Still don’t know if my Disability will be approved for long term status based on yesterday’s test – on what appeared to be a 1960’s era machine – but I got through the test, which is half the battle.
However, my employer continues to remain silent after Friday’s frustrating conversation, (they want me to quit, so I continue to sit and wait, trying to keep busy), while the wheels of bureaucracy spin at their maddeningly slow pace.
The talk therapy right after the test was interesting, as the Doc had thrown out a question after our last session, right as it was ending, which stuck like a burr under my saddle all month. “You’re very angry, aren’t you?”
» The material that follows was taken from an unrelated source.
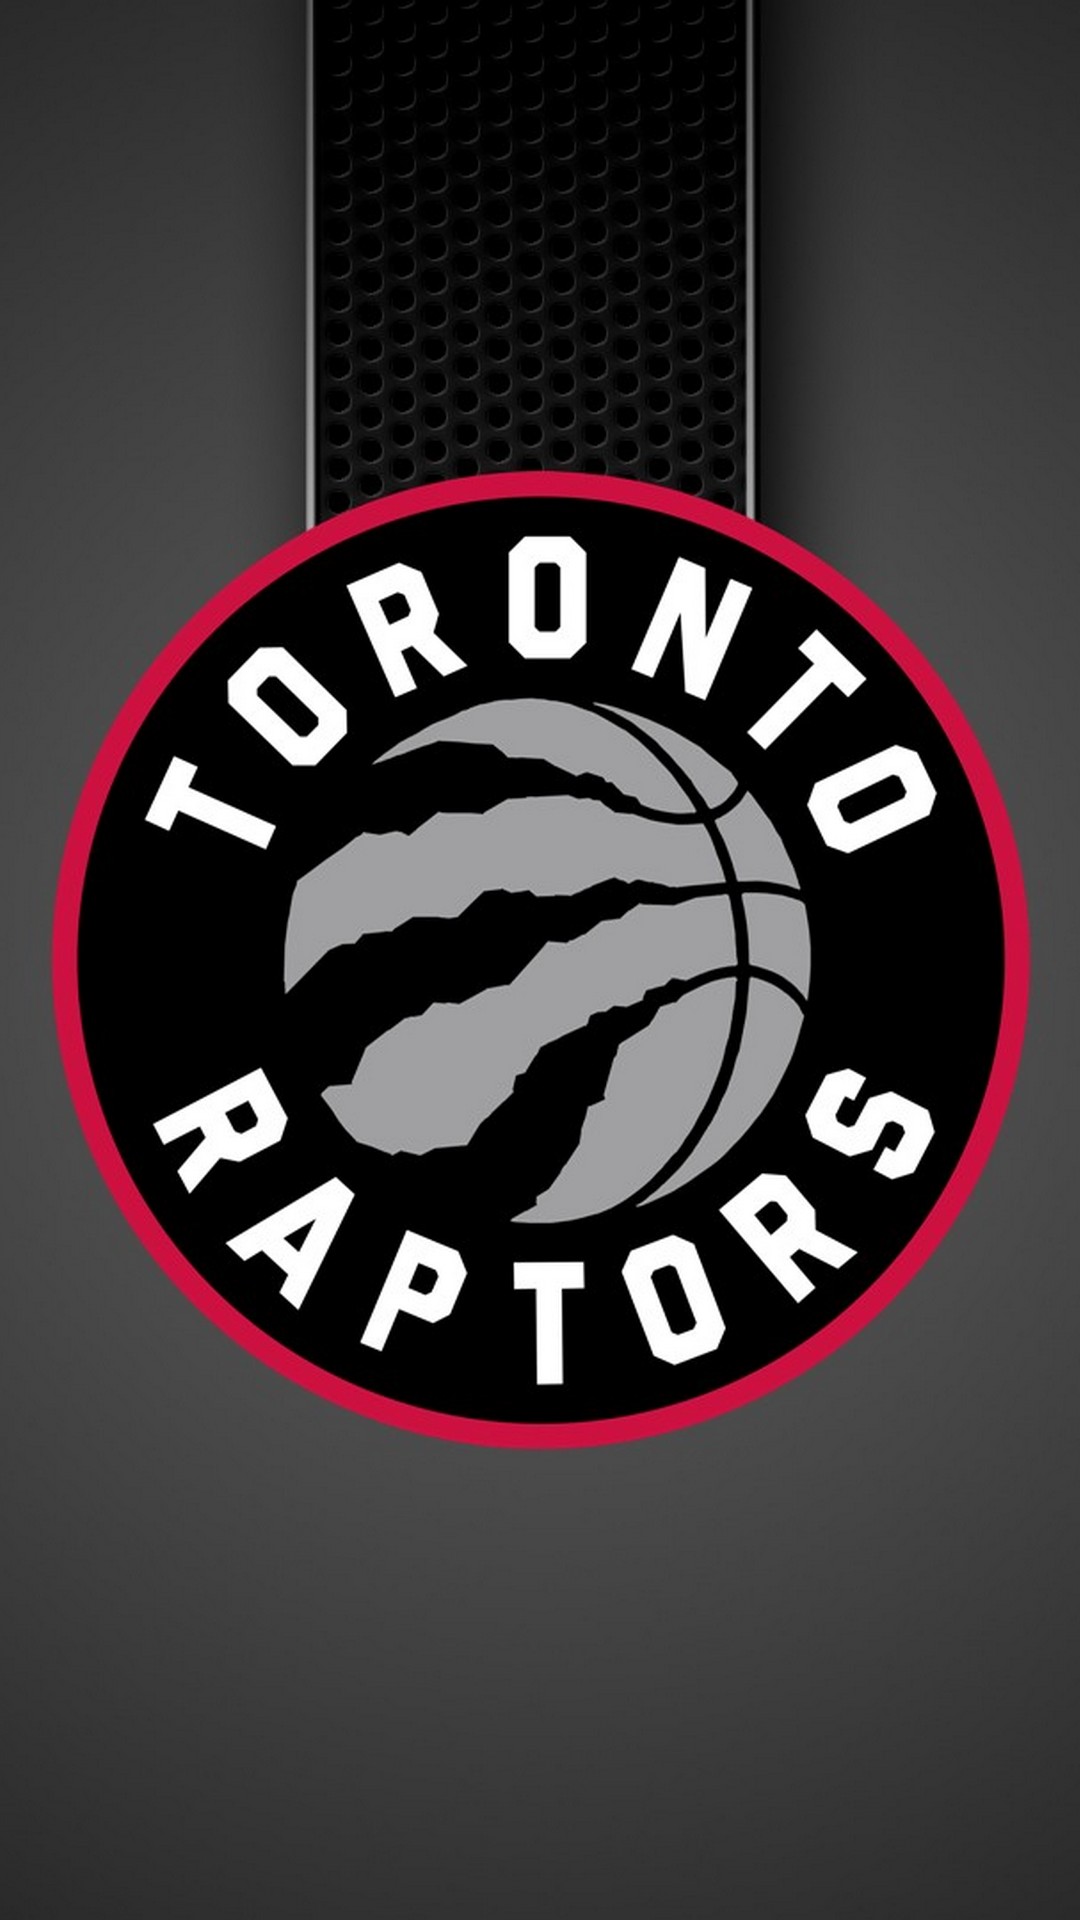 Toronto Raptors Wallpaper Android with image resolution 1080x1920 pixel. You can make this wallpaper for your Android backgrounds, Tablet, Smartphones Screensavers and Mobile Phone Lock Screen
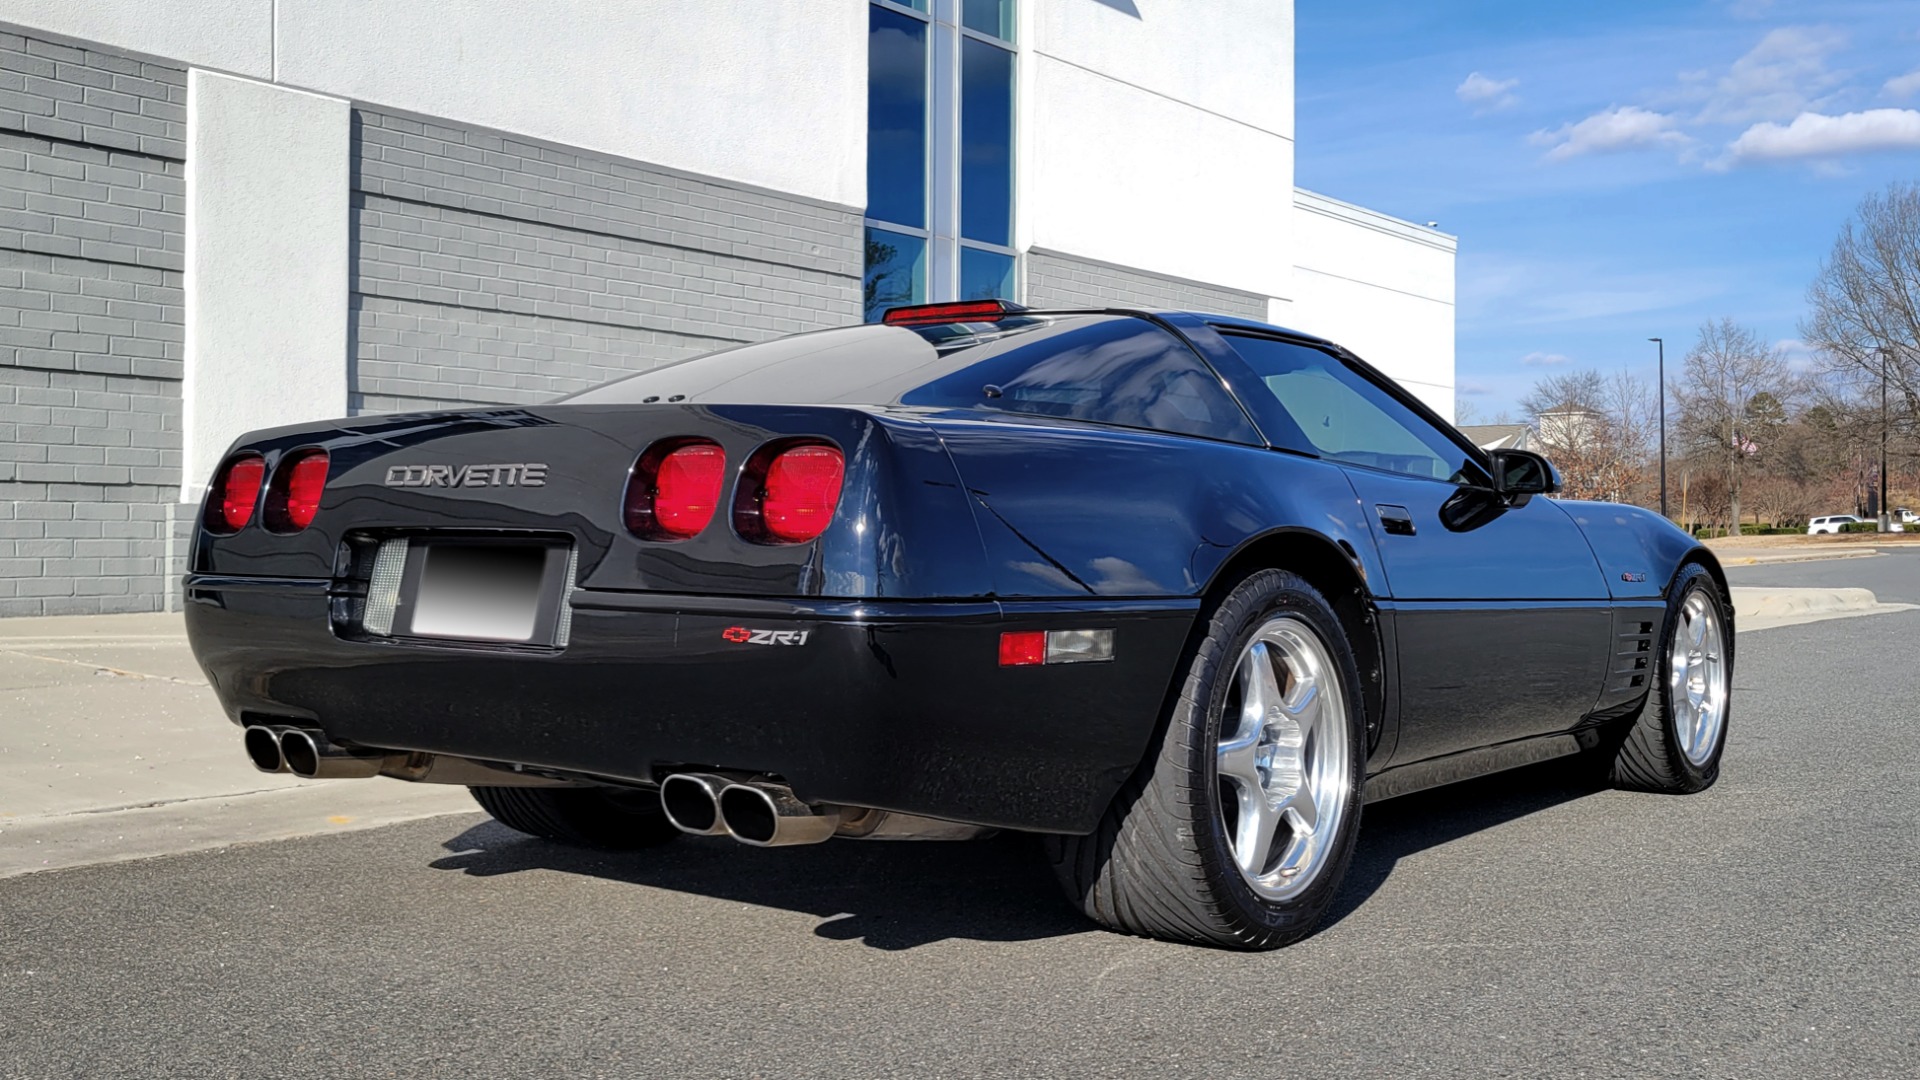 Used 1994 Chevrolet CORVETTE ZR1 COUPE (420HP) / 6-SPEED MANUAL / 2-TOPS / LOW MILES for sale Sold at Formula Imports in Charlotte NC 28227 8

So we picked up the conversation where we left off, with my agreeing that I was but also offering the challenge back: “Does it matter?” and, “Do you see it as self-destructive?”
Since talking to the lawyer and my employer last week, I’ve put that anger to productive use, working in the garden, planting tomatoes, trimming back rose bushes, and scrubbing out the oven. I was taught to work off my anger or use it as a motivator to accomplish a task, as turned inward, it only leads to self-harm through depression and/or despair. I can’t change my birth defect’s impact on my life, but I can manage how I react to it, ensuring that I focus my energies outward, to exhaust myself while finding a way to keep busy and motivated to enjoy life despite the challenges. And all without triggering a COPD exacerbation.
Don’t know if the talk therapy is doing me any good or not, but it’s not hurting me. And, it’s one of the doctor roster recommendations they want to see on my team if I do move forward with stem cell therapy. So, I go. We talk. I cry (because I can’t always get the words out without the tears) and we move on.
Waiting to find out if I’m approved for long term disability, disapproved, or need more tests is going to take a couple of weeks. For now, I remain in limbo and my savings are holding out, so it’s ok. Some days, that’s the best you can hope for.